Morgan Stanley, on the other hand, fell short of expectations. Morgan Stanley's net revenue in the third quarter of this year was $12.99 billion, a year-on-year decrease of about 12%; Net income was $2.63 billion, down approximately 29% year-over-year, and diluted earnings per share were $1.47. By business, Morgan Stanley's wealth management grew by $65 billion in the third quarter, while fixed income became one of the few items in the company to grow significantly, while investment banking and equities shrank again.

It is worth mentioning that in the third quarter of this year, the investment banking business of Wall Street banks collectively encountered a "cold wave". Among them, Morgan Stanley's investment banking business plunged 55% from the same period last year to US$1.28 billion, and Citi Investment Bank's revenue plummeted 64% to US$630 million.
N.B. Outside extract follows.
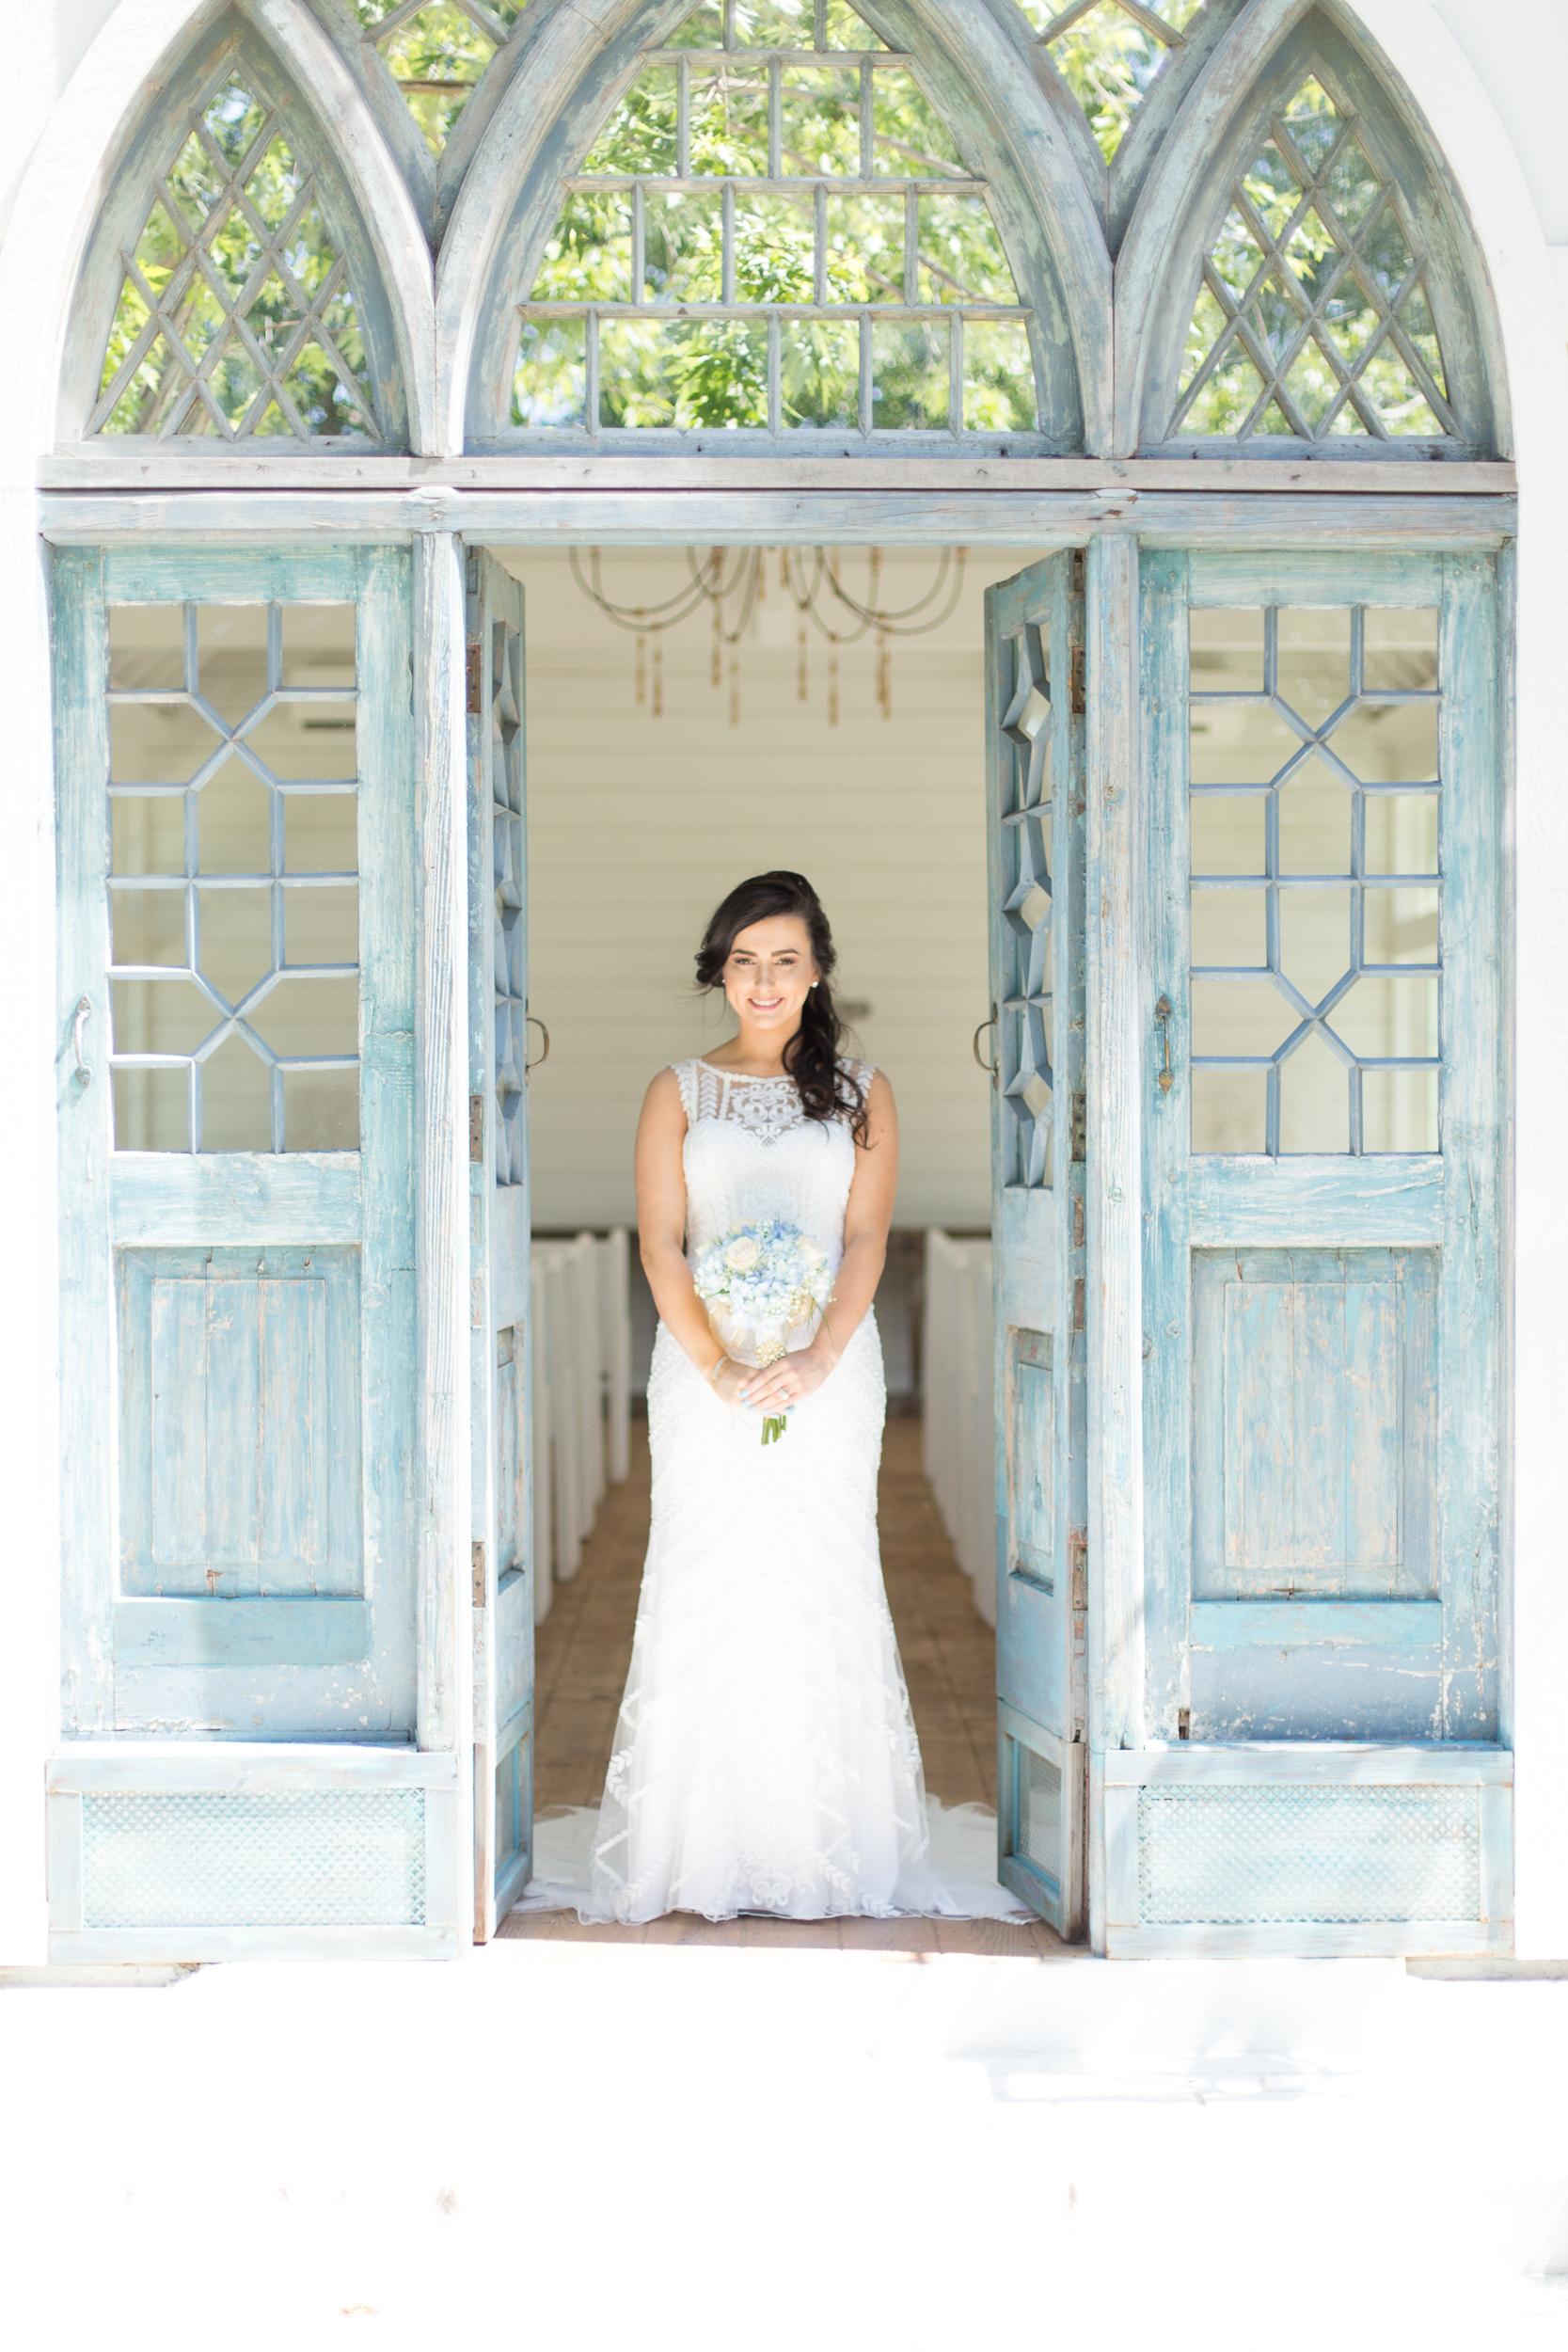 Zihlman-East TX Wedding_Kelsie Hendricks Photography_The Folmar Tyler Texas-77.jpg

Morgan Stanley CEO James P. Gorman said in a conference call that the bank's investment banking business has deteriorated due to the market environment, and the slowdown in global transactions has dragged down the investment bank's core underwriting business. He expects that the outlook for investment banking transactions may continue to deteriorate during the year as the Fed raises interest rates to curb inflation expectations, the economic growth outlook is clouded, and the geopolitical crisis triggers financial market shocks that affect investor sentiment.